Data shown
^^^^^^^^
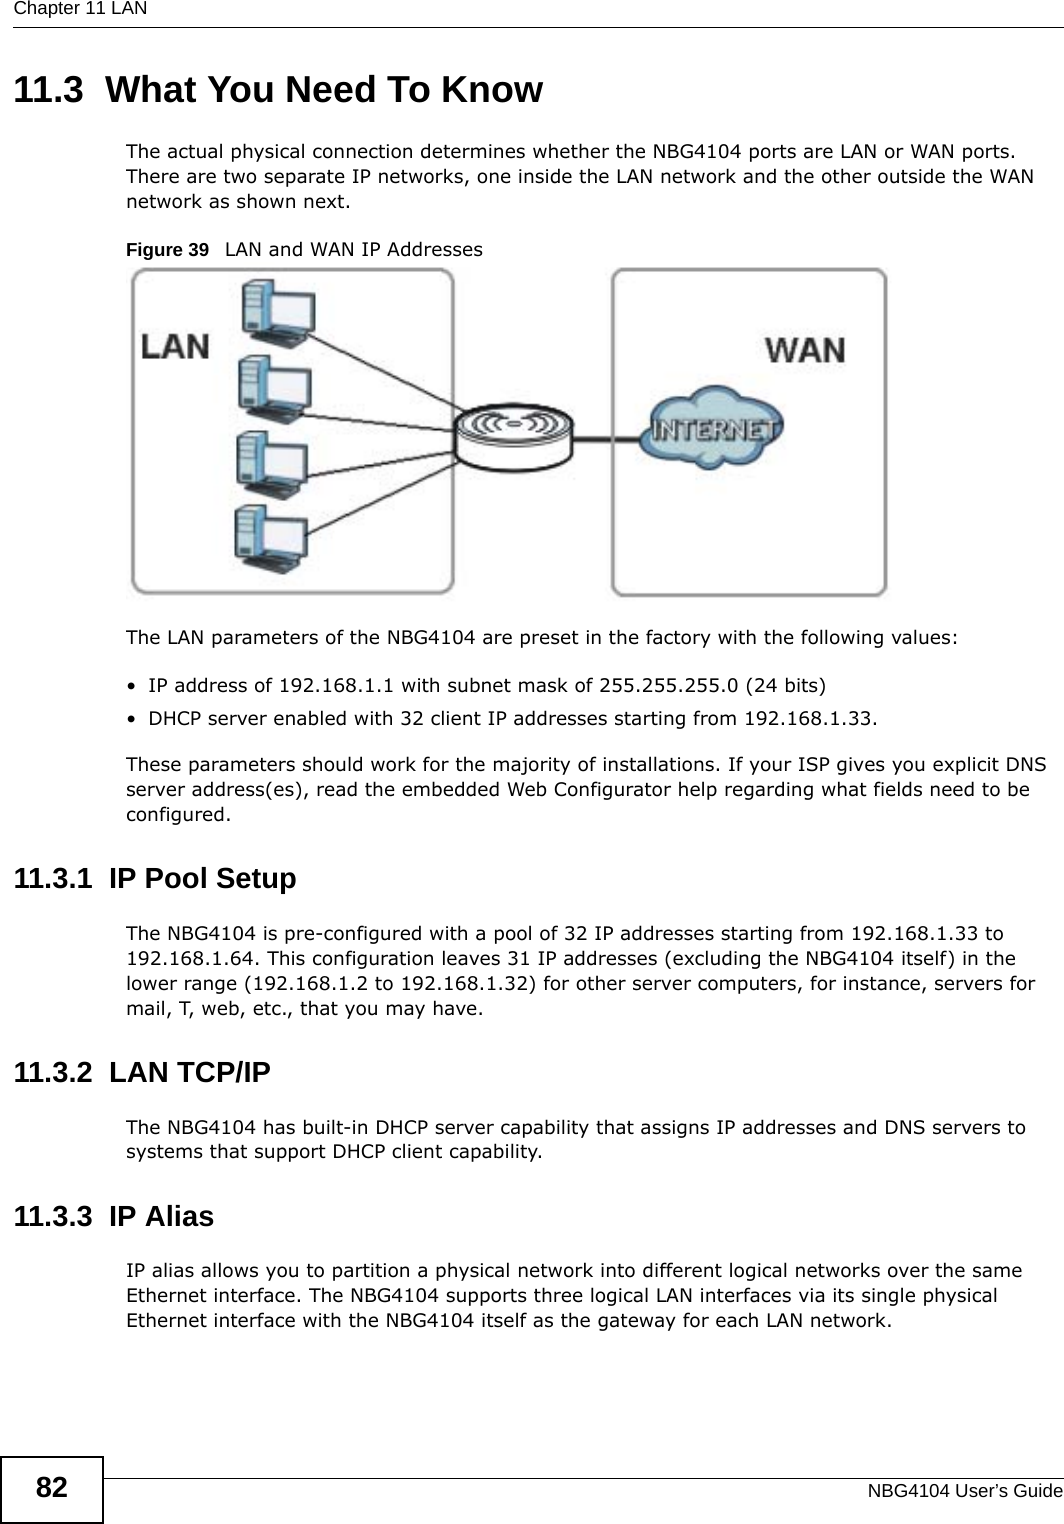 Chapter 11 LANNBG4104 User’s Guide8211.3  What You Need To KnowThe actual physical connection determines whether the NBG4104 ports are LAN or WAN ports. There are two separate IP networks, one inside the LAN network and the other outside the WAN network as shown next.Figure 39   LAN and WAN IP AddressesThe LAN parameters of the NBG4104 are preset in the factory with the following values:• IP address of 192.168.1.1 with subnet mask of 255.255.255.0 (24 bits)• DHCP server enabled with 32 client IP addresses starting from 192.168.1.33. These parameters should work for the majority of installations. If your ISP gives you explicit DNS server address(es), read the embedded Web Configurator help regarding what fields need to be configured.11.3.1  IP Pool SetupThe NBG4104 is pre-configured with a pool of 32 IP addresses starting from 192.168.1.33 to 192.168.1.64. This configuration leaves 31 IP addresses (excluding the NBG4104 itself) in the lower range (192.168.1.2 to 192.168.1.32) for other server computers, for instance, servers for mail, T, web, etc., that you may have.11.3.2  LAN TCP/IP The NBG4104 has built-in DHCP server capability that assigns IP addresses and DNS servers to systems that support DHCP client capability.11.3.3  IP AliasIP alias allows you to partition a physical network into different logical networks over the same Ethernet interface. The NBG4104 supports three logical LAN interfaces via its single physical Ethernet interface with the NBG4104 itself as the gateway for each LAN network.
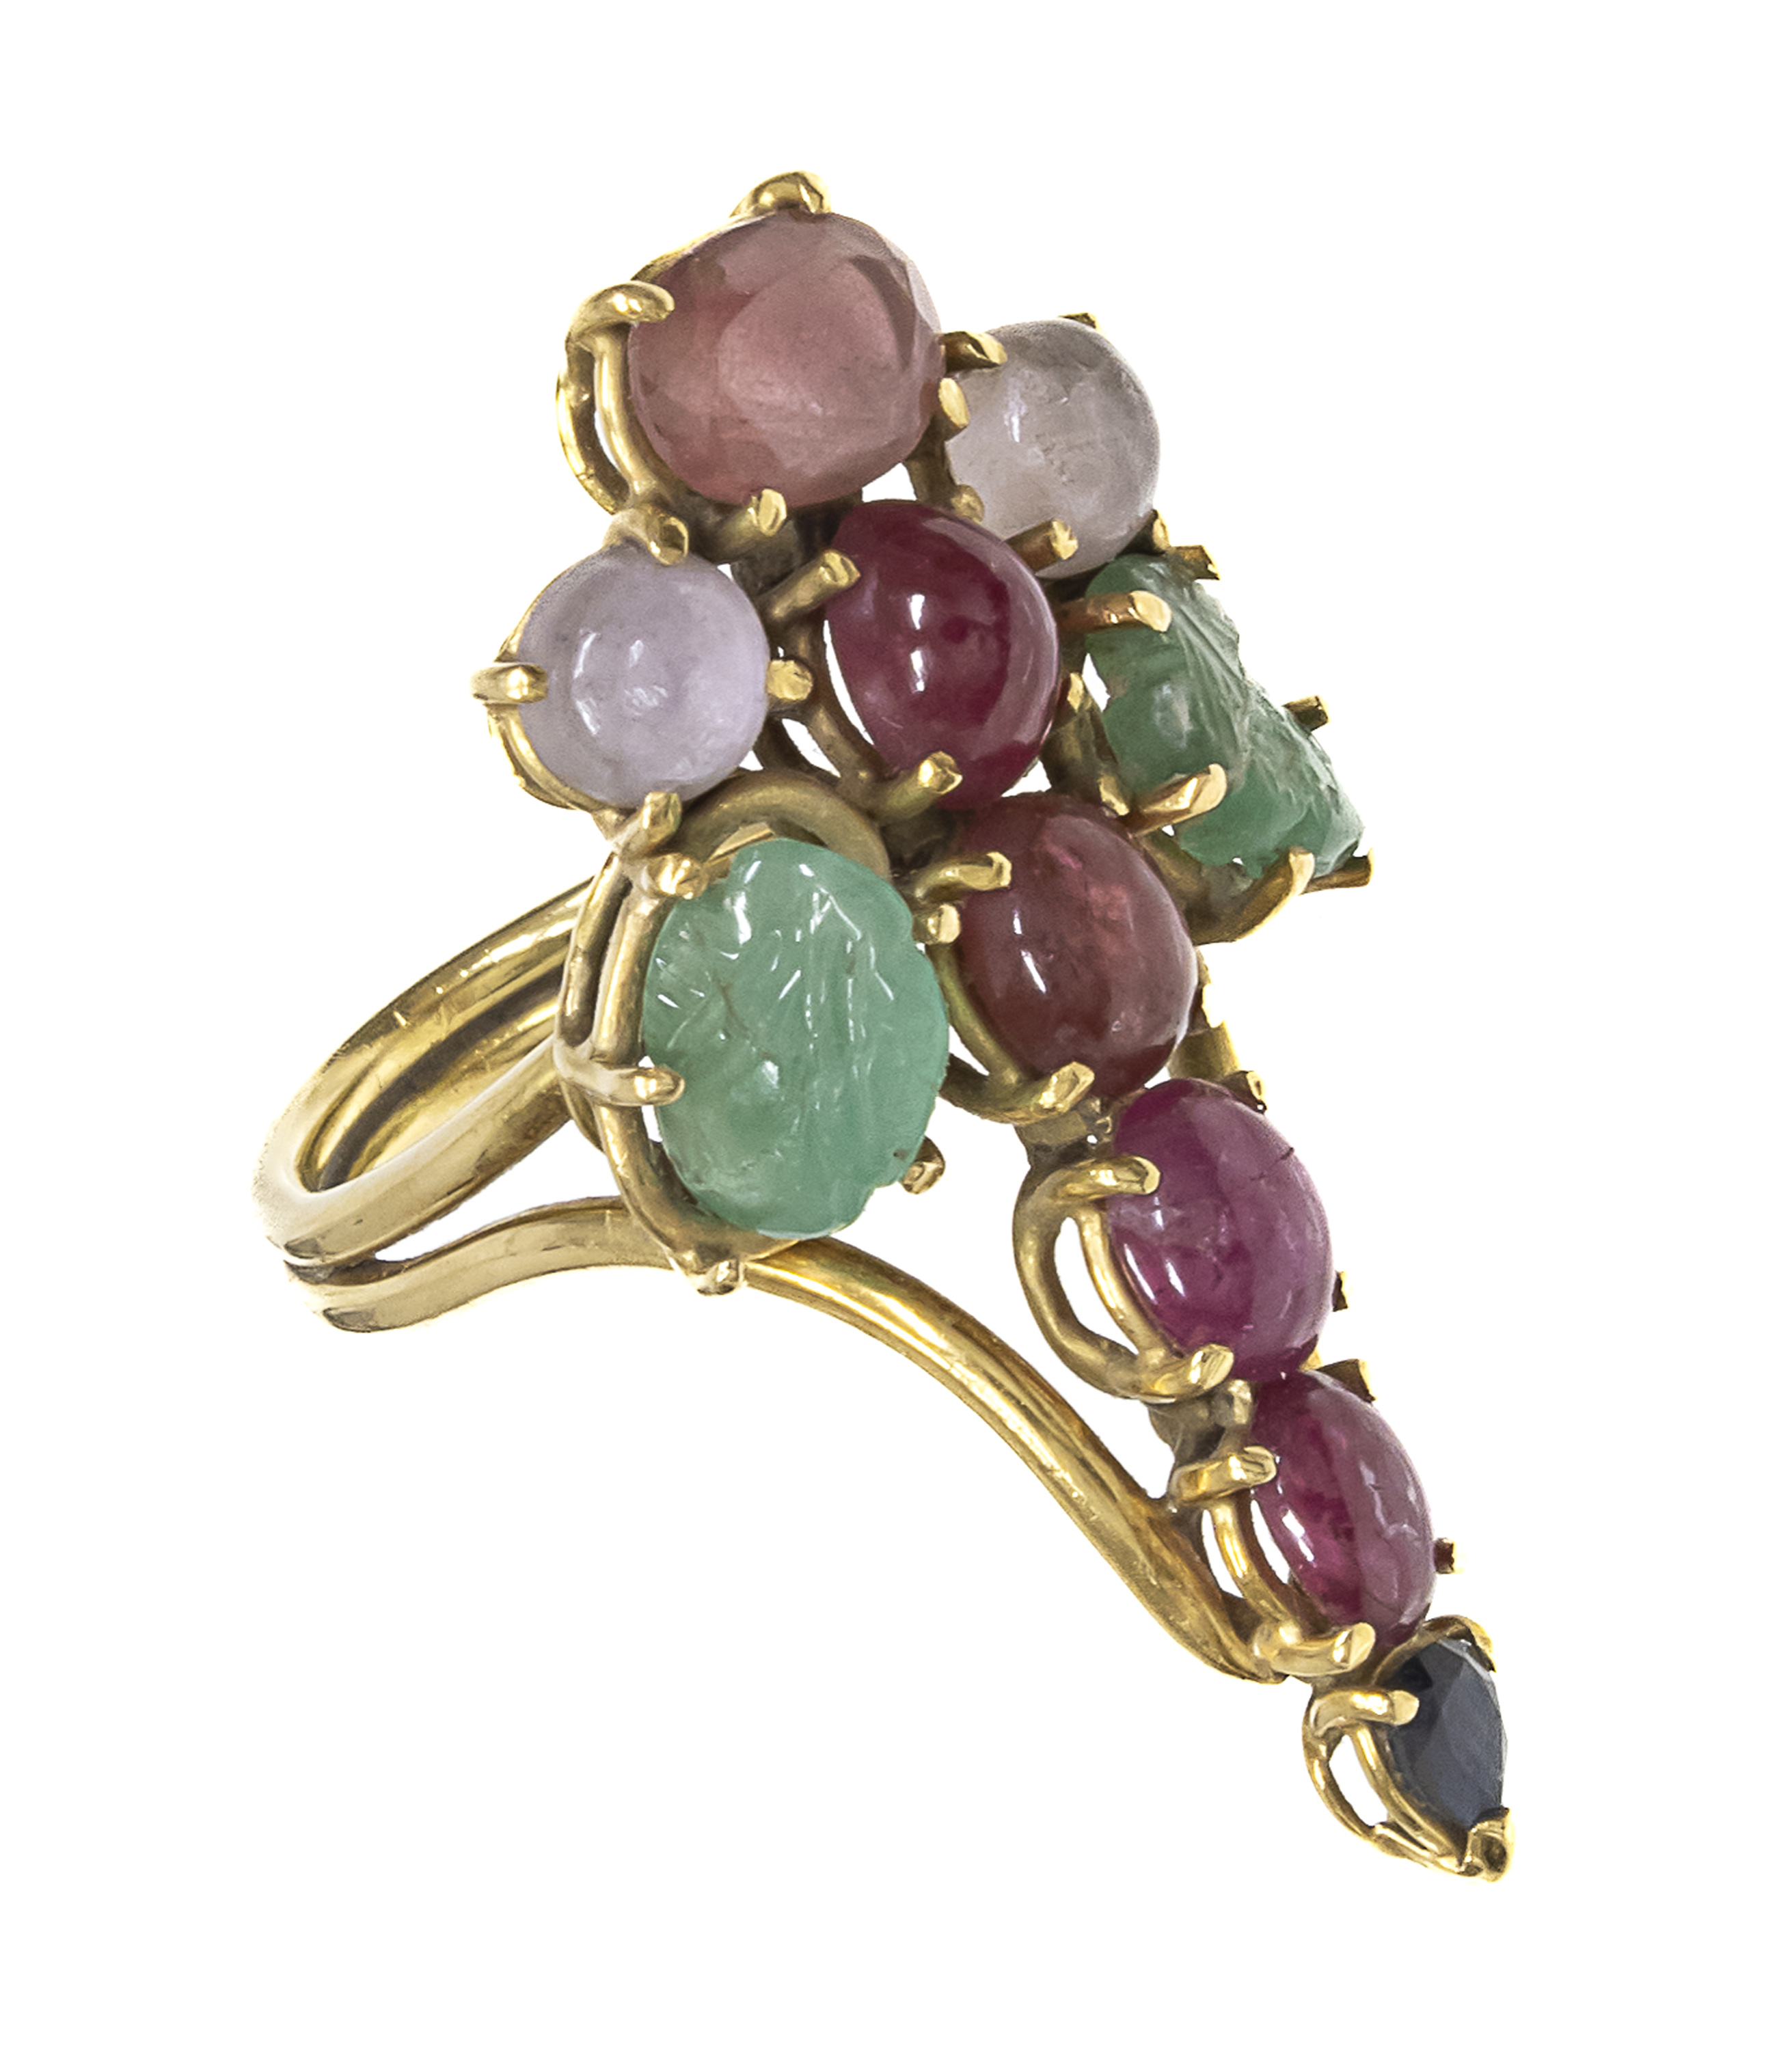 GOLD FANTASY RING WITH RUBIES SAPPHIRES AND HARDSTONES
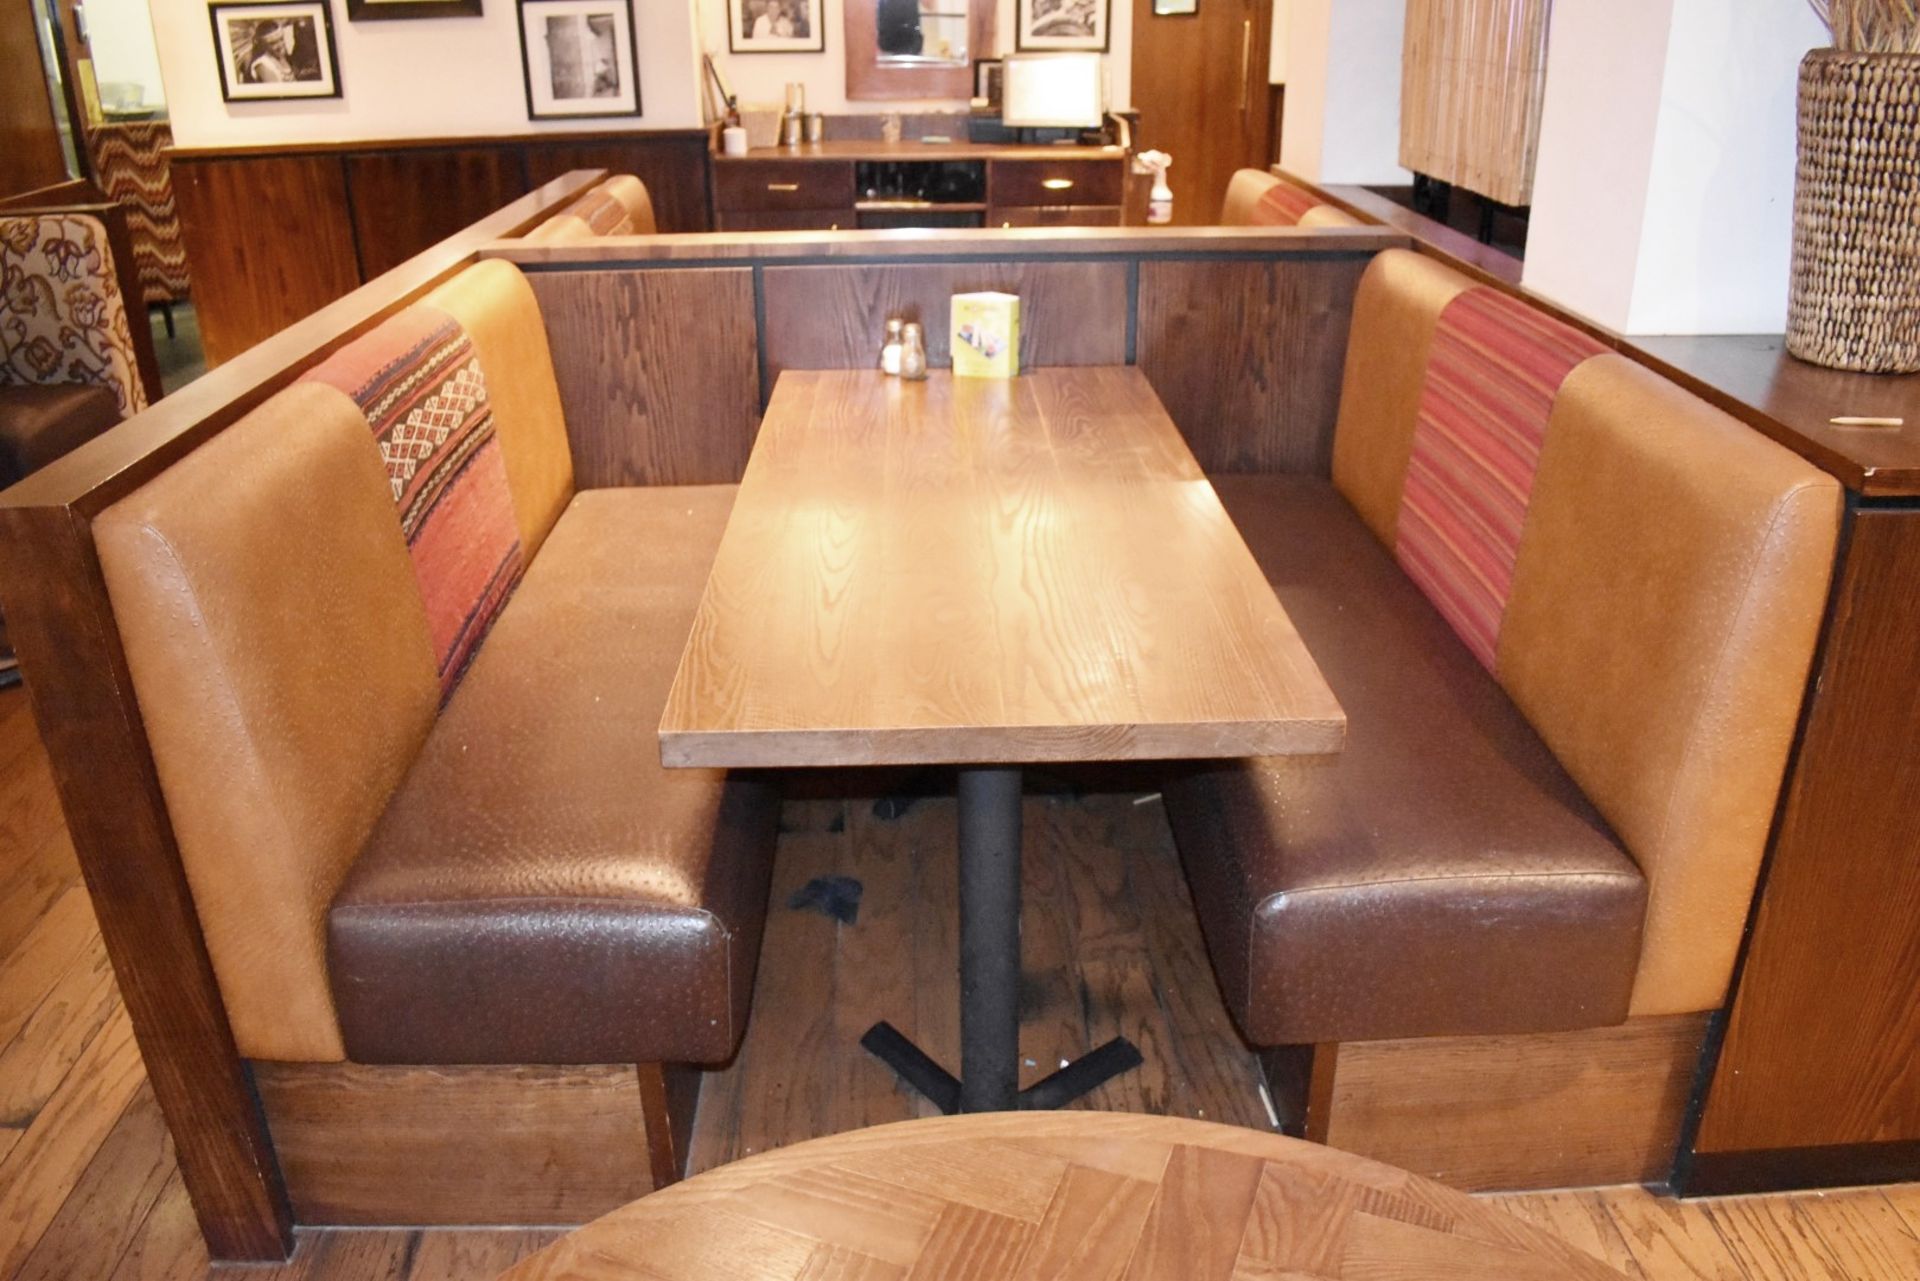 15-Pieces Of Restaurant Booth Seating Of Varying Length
^^^^^^^^
Transcribe each line above verbatim, with the pictures left out.

Task answer
 Chapter 11 LANNBG4104 User’s Guide8211.3  What You Need To KnowThe actual physical connection determines whether the NBG4104 ports are LAN or WAN ports. There are two separate IP networks, one inside the LAN network and the other outside the WAN network as shown next.Figure 39   LAN and WAN IP AddressesThe LAN parameters of the NBG4104 are preset in the factory with the following values:• IP address of 192.168.1.1 with subnet mask of 255.255.255.0 (24 bits)• DHCP server enabled with 32 client IP addresses starting from 192.168.1.33. These parameters should work for the majority of installations. If your ISP gives you explicit DNS server address(es), read the embedded Web Configurator help regarding what fields need to be configured.11.3.1  IP Pool SetupThe NBG4104 is pre-configured with a pool of 32 IP addresses starting from 192.168.1.33 to 192.168.1.64. This configuration leaves 31 IP addresses (excluding the NBG4104 itself) in the lower range (192.168.1.2 to 192.168.1.32) for other server computers, for instance, servers for mail, T, web, etc., that you may have.11.3.2  LAN TCP/IP The NBG4104 has built-in DHCP server capability that assigns IP addresses and DNS servers to systems that support DHCP client capability.11.3.3  IP AliasIP alias allows you to partition a physical network into different logical networks over the same Ethernet interface. The NBG4104 supports three logical LAN interfaces via its single physical Ethernet interface with the NBG4104 itself as the gateway for each LAN network.
 GOLD FANTASY RING WITH RUBIES SAPPHIRES AND HARDSTONES
 15-Pieces Of Restaurant Booth Seating Of Varying Length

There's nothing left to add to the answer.